Yes Defender's overhead is a significant factor as well: There is a work item in the rustup community to have rustup's distribution be signed, but I haven't been involved in that, and even with that made completely optimal there was a lot of poor behaviour we had to fix - see above.
@rbtcollins Okay, well good work on that. Rather than signing rustup binaries themselves, you could ship rust docs in .zip format and make use of a command line tool shipped by default in Windows to extract the archive.
Rather than ZIP, I would use CAB files, because there is better supported tools installed by default for it since early Windows days. See https://docs.microsoft.com/en-us/previous-versions/windows/it-pro/windows-server-2012-R2-and-2012/hh875545(v=ws.11) and https://docs.microsoft.com/en-us/windows-server/administration/windows-commands/expand
Also, the standard installation mechanism on Windows is MSI, so that'd be the best. Packaging either Rust as a whole in an MSI, or only for docs, and then install that MSI.
You have little hope at staying in the FOSS world for your toolchains and build systems if you are using Windows, else you'd be suffering quite big constraints like this performance one. Stuff to make cab or msi files arent FOSS. Code signing certificates are the same thing, they're an administrative cost.
https://en.wikipedia.org/wiki/WiX is the only FOSS that can create MSI Windows Installers, CAB file can be read but not created by FOSS.
I'm now involved in a discussion with Defender folk ; they've asked for traces of the poor behaviour. Please use rustup 1.18.3 or newer, nothing older, as there is no point sending in unoptimised traces IMO.
We only need 3-4 traces from a few different machines where Defender overhead is the problem; I'll be submitting one from a surface pro and one from a 2990WX. If someone has a machine with e.g. spinning metal disks, or even less cores or whatever - something interestingly different, please add the trace id here.
For us the use case we're tracing is unpack performance, so I'd suggest running rustup uninstall nightly, rustup install nightly waiting for it to start installation, then copy the contents of ~/.rustup/downloads/* to a temp dir. The rustup uninstall nightly. Then copy that temp dir contents back to the the downloads dir.
Finally, start the trace and then run rustup install nightly.
Instructions for gathering a trace (note this captures most metadata about what the system is doing..):
@rbtcollins feedback-hub:?contextid=242&feedbackid=953429f7-8755-4abb-ae7b-26cb61729786
I have my .rustup
, .cargo
, and %TEMP%
directories are on a
Seagate Samsung Spinpoint M8 ST1000LM024 (HN-M101MBB/EX2) 1TB 5400 RPM 8MB Cache SATA 6.0Gb/s 2.5" Internal Notebook Hard Drive
non-OS HDD drive (D:\
; C:\
is a SanDisk SDSSDH3 500G). Both 'rustc' and 'rust-std' components claimed a somewhat constant install rate of 11.7 MiB/s; 'rust-docs' varied between as low as 15 KiB/s and as high as 300 KiB/s.

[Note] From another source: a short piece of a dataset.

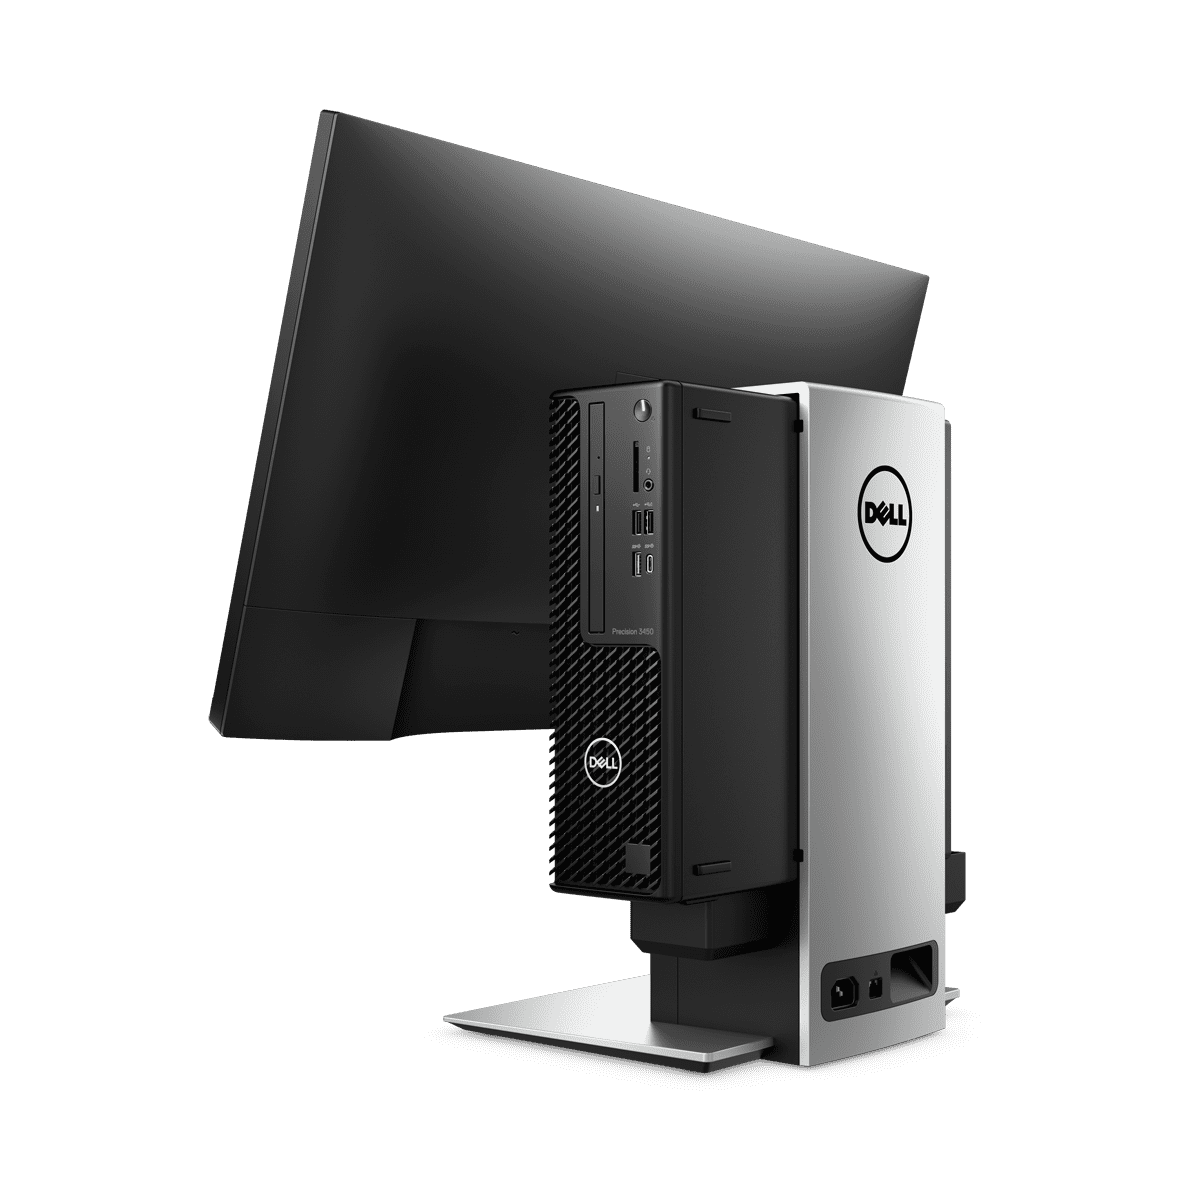 Dell-Precision-Workstation-3450-SFF-Bild05

This is my trace from my 2990WX feedback-hub:?contextid=242&feedbackid=b17bbe6c-dca5-4589-8f2b-367aa517fbad
@CAD97 do you perhaps have the console output? e.g. something like
Closing 15213 deferred file handles 5.3 Kihandles / 14.9 Kihandles ( 36 %) 346 handles/s in 19s ETA: 28s
If you didn't see the above, you were running an older, single-threaded rustup
As reported on the User's Forum, installing the
rust-docs
component on Windows 10 is currently very slow compared to other components, even on machines with an SSD and multi-core processor.